## COLLECTED MATERIAL
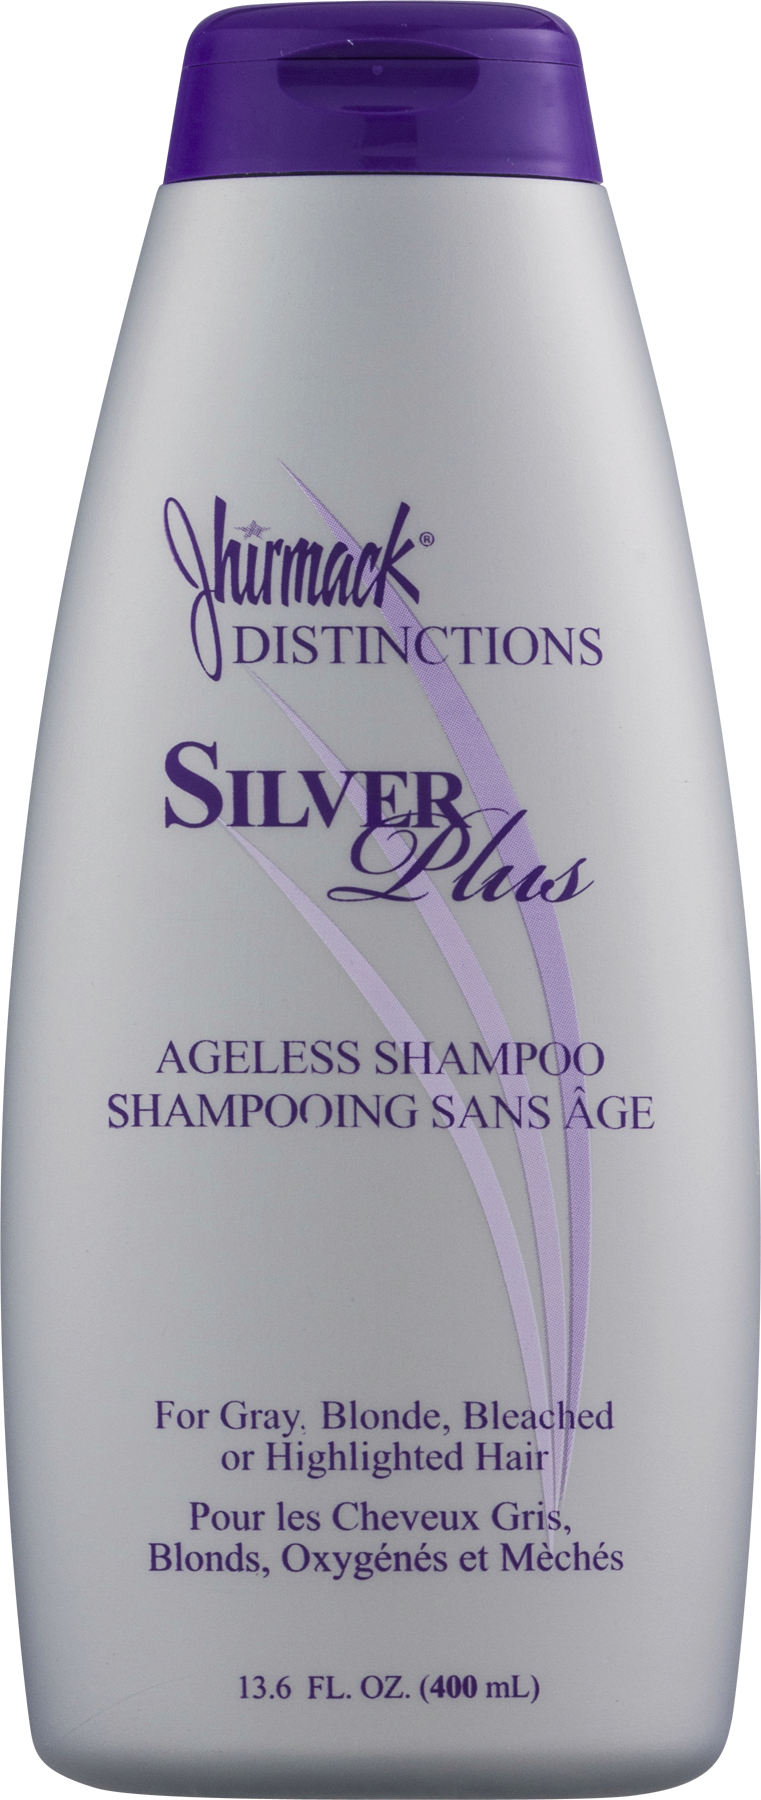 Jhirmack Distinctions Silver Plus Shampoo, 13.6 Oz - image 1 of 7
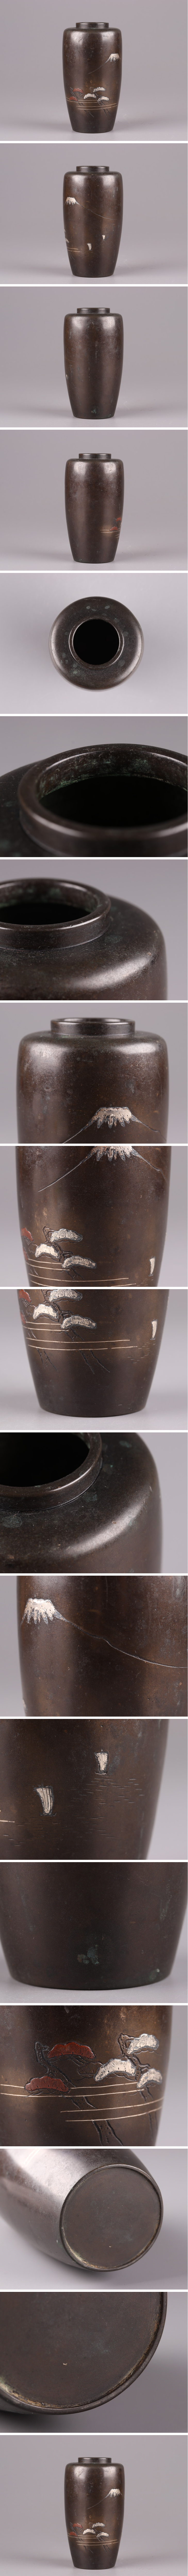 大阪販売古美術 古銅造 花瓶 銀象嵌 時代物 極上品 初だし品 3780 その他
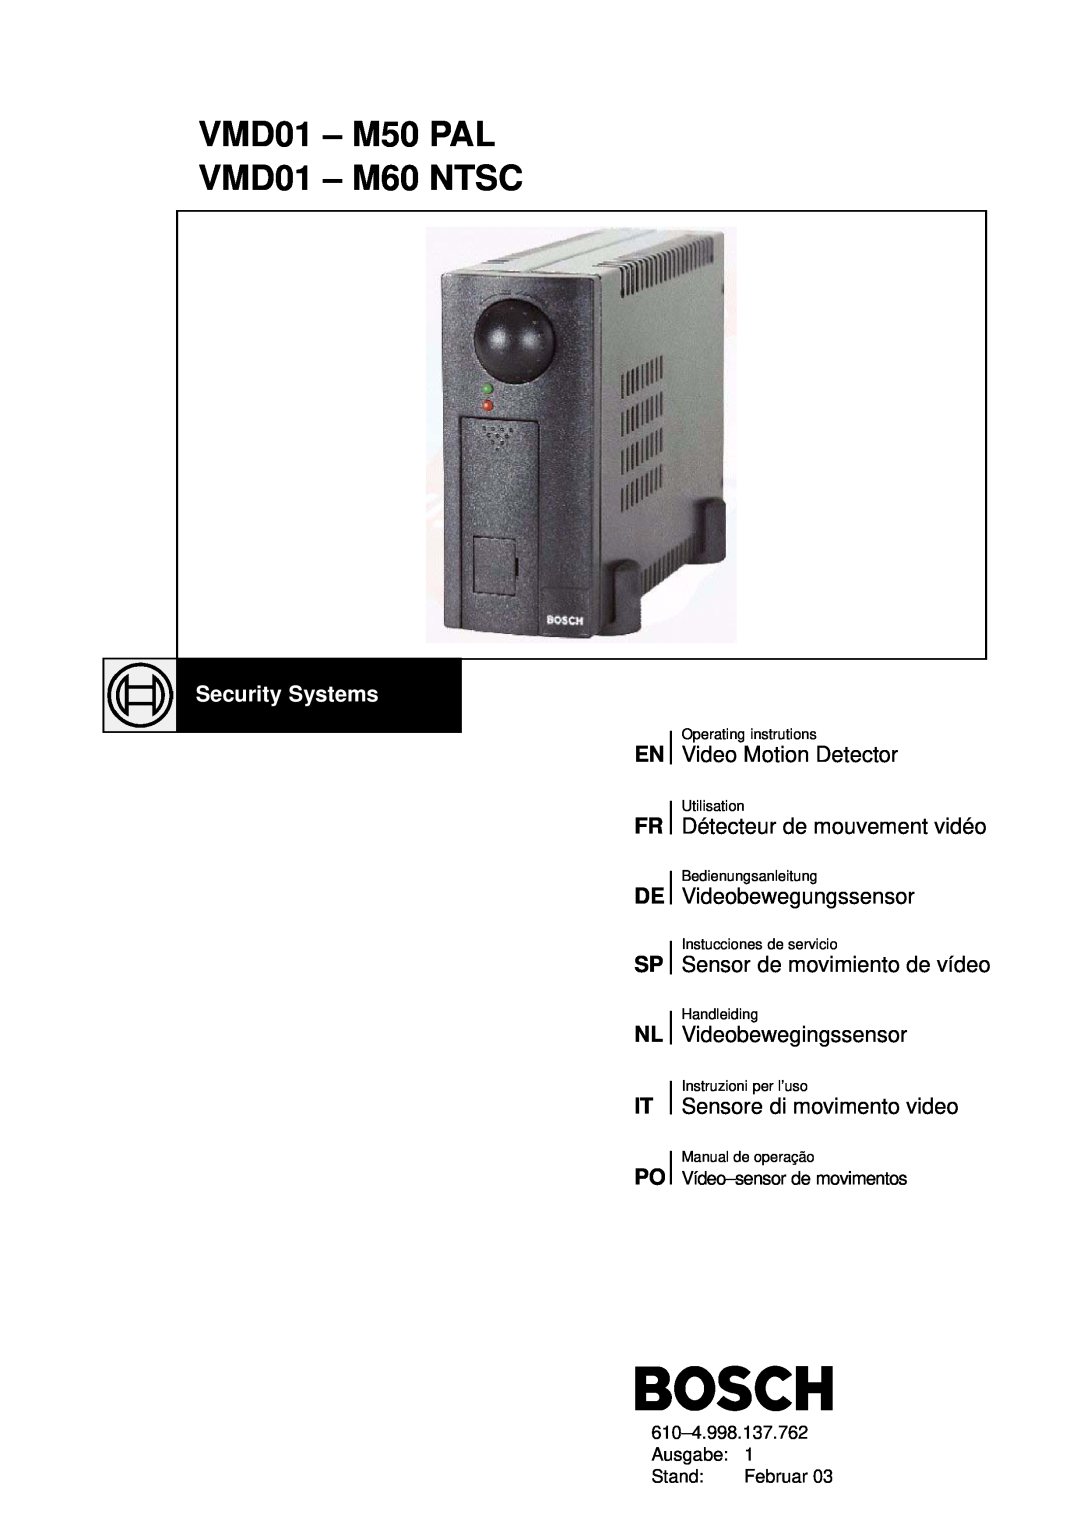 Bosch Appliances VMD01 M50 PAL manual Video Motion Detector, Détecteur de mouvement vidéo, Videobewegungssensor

## DIRECTIONS
Return the material above exactly; the images stay out.

## YOUR RESPONSE
 Jhirmack Distinctions Silver Plus Shampoo, 13.6 Oz - image 1 of 7
 大阪販売古美術 古銅造 花瓶 銀象嵌 時代物 極上品 初だし品 3780 その他
 Bosch Appliances VMD01 M50 PAL manual Video Motion Detector, Détecteur de mouvement vidéo, Videobewegungssensor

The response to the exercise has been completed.